When faced with the statistic that almost one billion people across the globe don’t have access to clean drinking water, 31% of schools don’t have clean water, 500 000 children under five die annually due to bad water quality and 600 million children will be living with limited water resources by 2040, the team at Kumulus decided to set out on a mission to provide drinking water in an economical and sustainable way. Their resulting invention, the Kumulus-1, is a machine that can convert humidity into drinkable water.
The Kumulus-1 is a highly futuristic-looking – almost like something out of Wall-E – Atmospheric Water Generator (AWG) that can produce between 20 to 30 litres of healthy drinking water per day. Designed by Zouhair Ben Jannet of Air Design Studio to be able to produce water in even the scarcest of areas of North Africa and the Middle East, the Kumulus machine essentially captures air, filters it, cools it and condenses it until it gathers in a water tank.
Kumulus-1 is also a smart machine, which means it offers the option of mobile control through an app that ensures the water is delivered in a sustainable and economical way.

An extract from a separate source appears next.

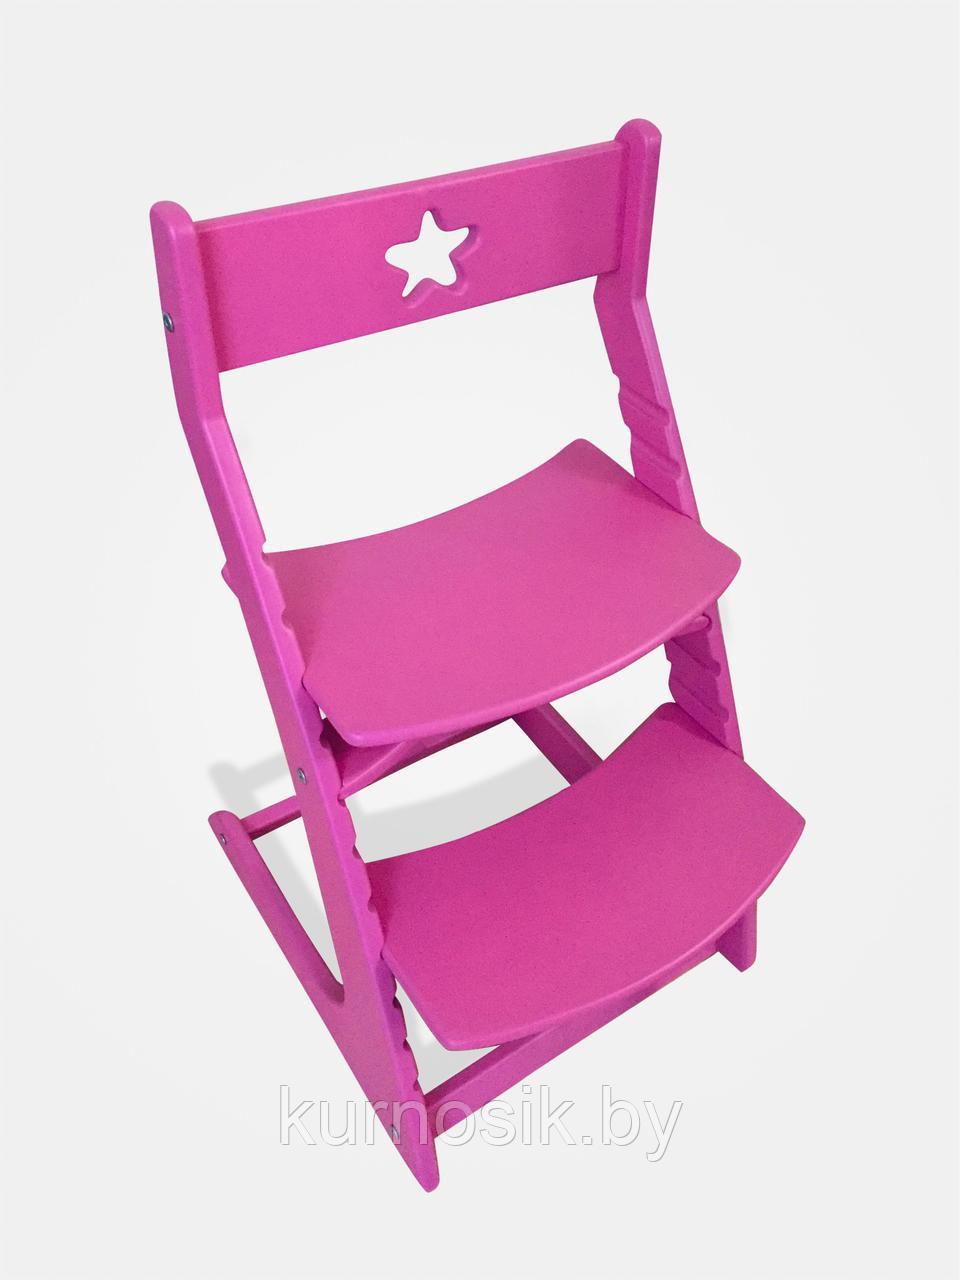 Растущий регулируемый школьный стул Ростик Rostik Розовый СП1, фото 1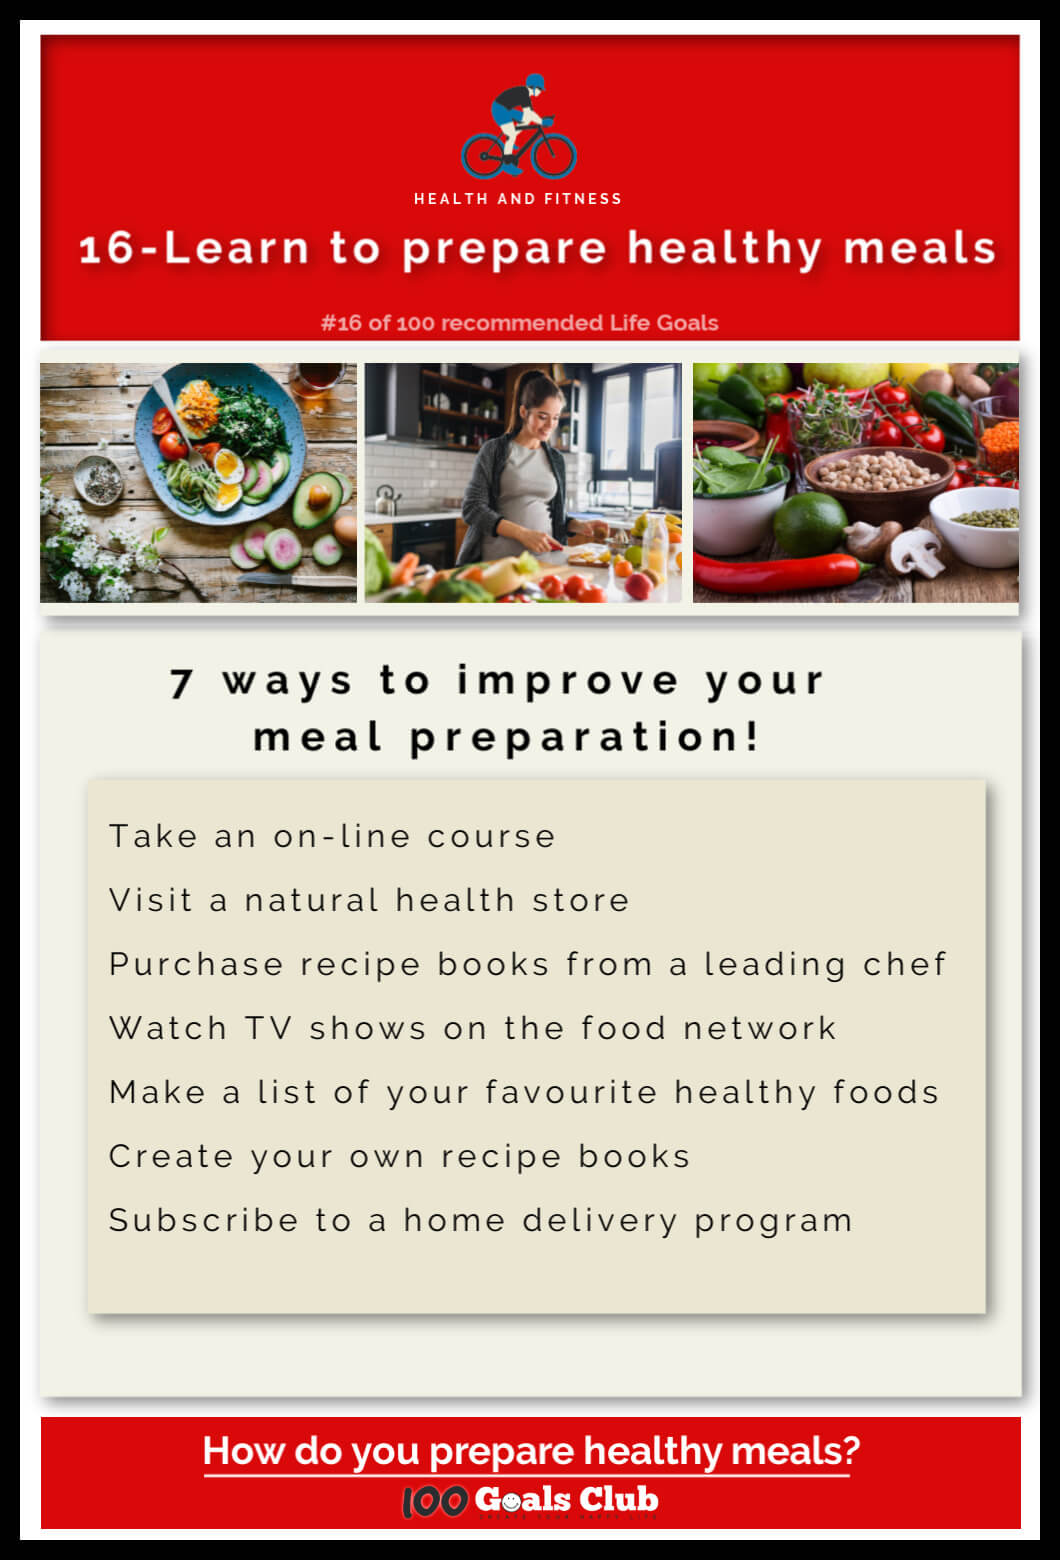 Prepare healthy meals

The entire machine fits into a 1m3 cube and can also be equipped with a solar power pack for an electrical connection, making it fully autonomous and independent.
Kumulus, which was founded by an ex-advisor of the Tunisian Minister of Energy, Iheb Triki, is guided by UN Sustainable Development Goals and a set of values that recognise water, freedom, and sustainability as integral parts of human rights – which is why the machine is designed to be fully autonomous, easy to transport and simple to set up and maintain. It is also designed to divert further plastic waste.
The first Kumulus-1 machine has been set up at the El Bayadha Elementary School in Jendouba, Tunisia in an effort to provide drinking water to school-goers. The team is currently providing the devices to other schools and villages that lack drinking water, and it is also on offer to factories, offices, and hotels in the hopes of reducing bottled water consumption.